Manusmriti-based Constitution
Sure enough, a few Hindutva experts from Benares and other prestigious universities sent the New Constitution for Akhand Bharat to the Centre during Maha Kumbh. It is based not on Ambedkar's secular Constitution but on Ramayana, the teachings of Krishna, Chanakya and, unfailingly, the Manusmriti. Though undeclared, casteism forms its cornerstone! India will have a unicameral legislature called the Hindu Dharma Parliament. Only Hindus can be elected to it. It calls for military education for all citizens. Everyone from the age of 16 years will have the Right to vote. No tax will be levied on agriculture. Very strict punishments will be imposed on all anti-nationals. Anti-nationalism is not defined. Can it be criticising the Prime Minister or asking for his graduation certificate?

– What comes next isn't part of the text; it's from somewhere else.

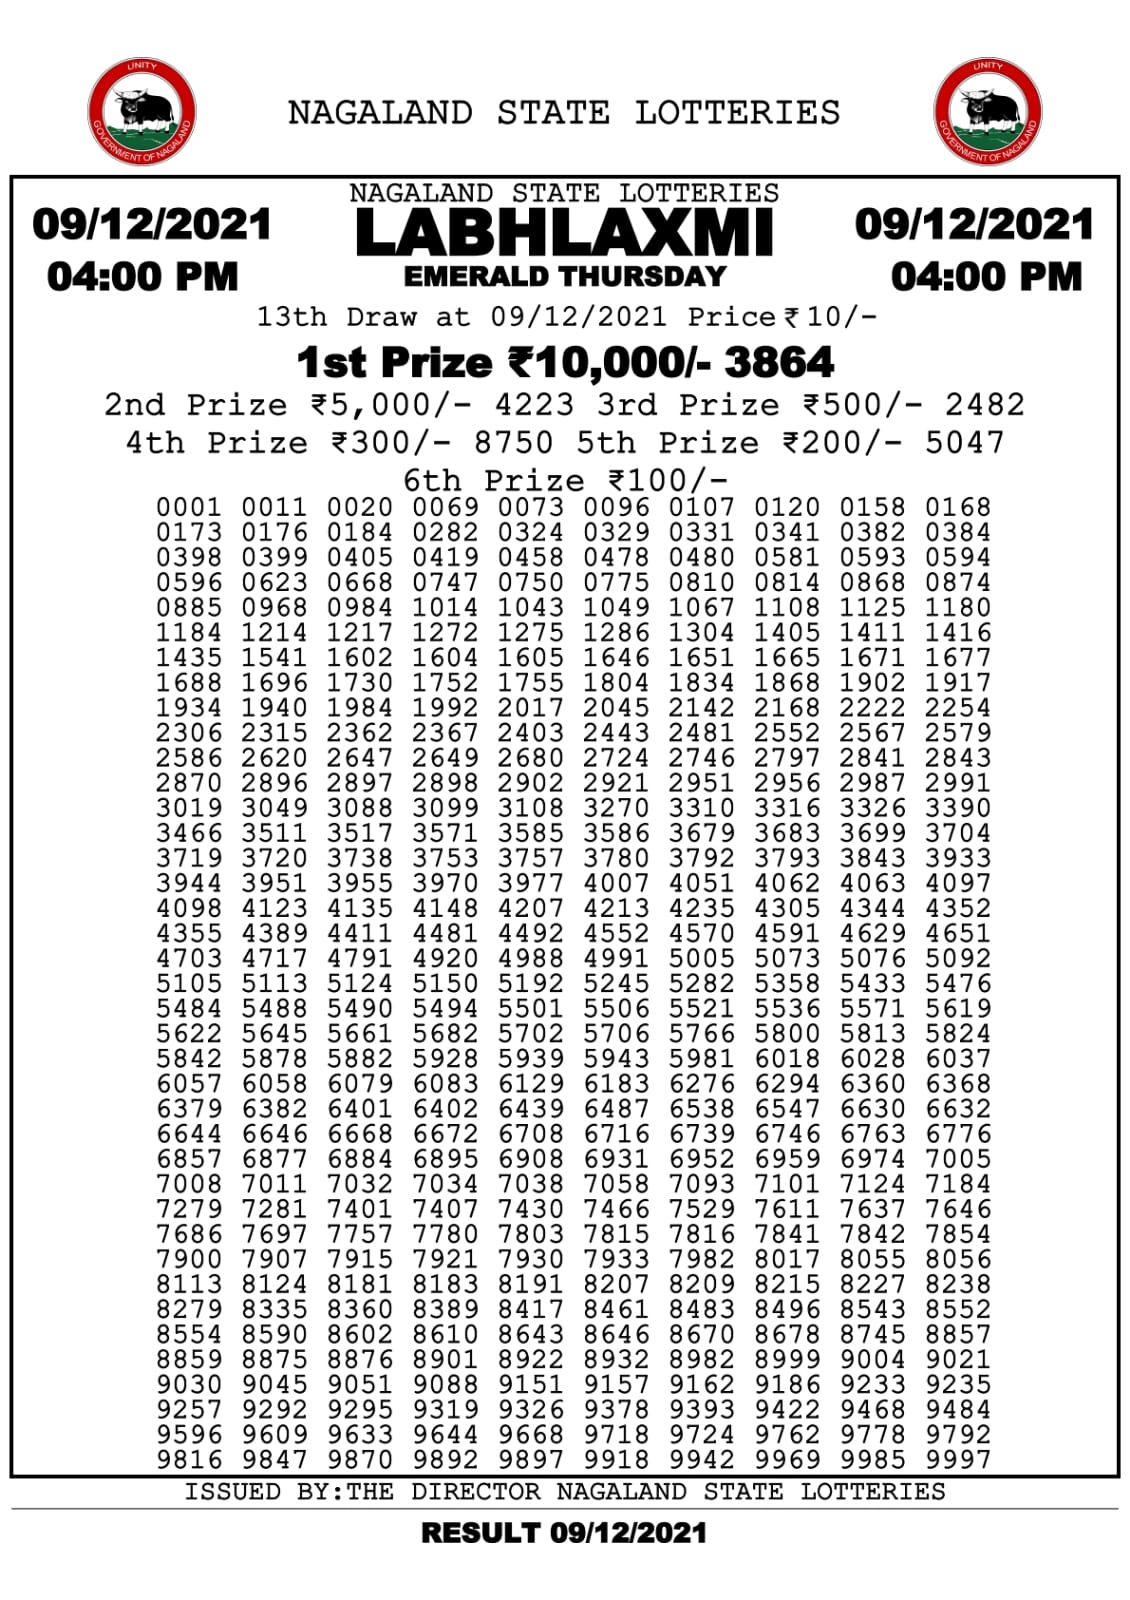 Labhlaxmi 4.00pm Lottery Result 09.12.2021

The drafters ask: if in the world there are 127 Christian countries, 57 Muslim countries, and 15 Buddhist nations, why can't there be a Hindutva nation? And sure enough, a Hindurashtra is fast emerging. And the future is here.
In concrete form, see what is happening in BJP-RSS-ruled states. Dalit women are raped, SC protesters are beaten to death. A Dalit in Rajasthan was beaten for touching a water pot, taken to Haryana, and released only on paying a heavy ransom by his family. Custodial deaths are rising in UP. According to ILO, 5.8 million children in India are child labourers. Their number is growing. Government school enrolment has fallen to 66.8% in rural areas. P Chidambaram says the 2025-26 budget presented by Nirmala Sitharaman pays no attention to the poor. He is sure that 50% of the needy live on about ?100 daily.
Be warned about what lies ahead. Previously, we could blame others; today, silent citizens must take responsibility. They are gatekeepers. The media must remain alert. "Media giveth, and media taketh away."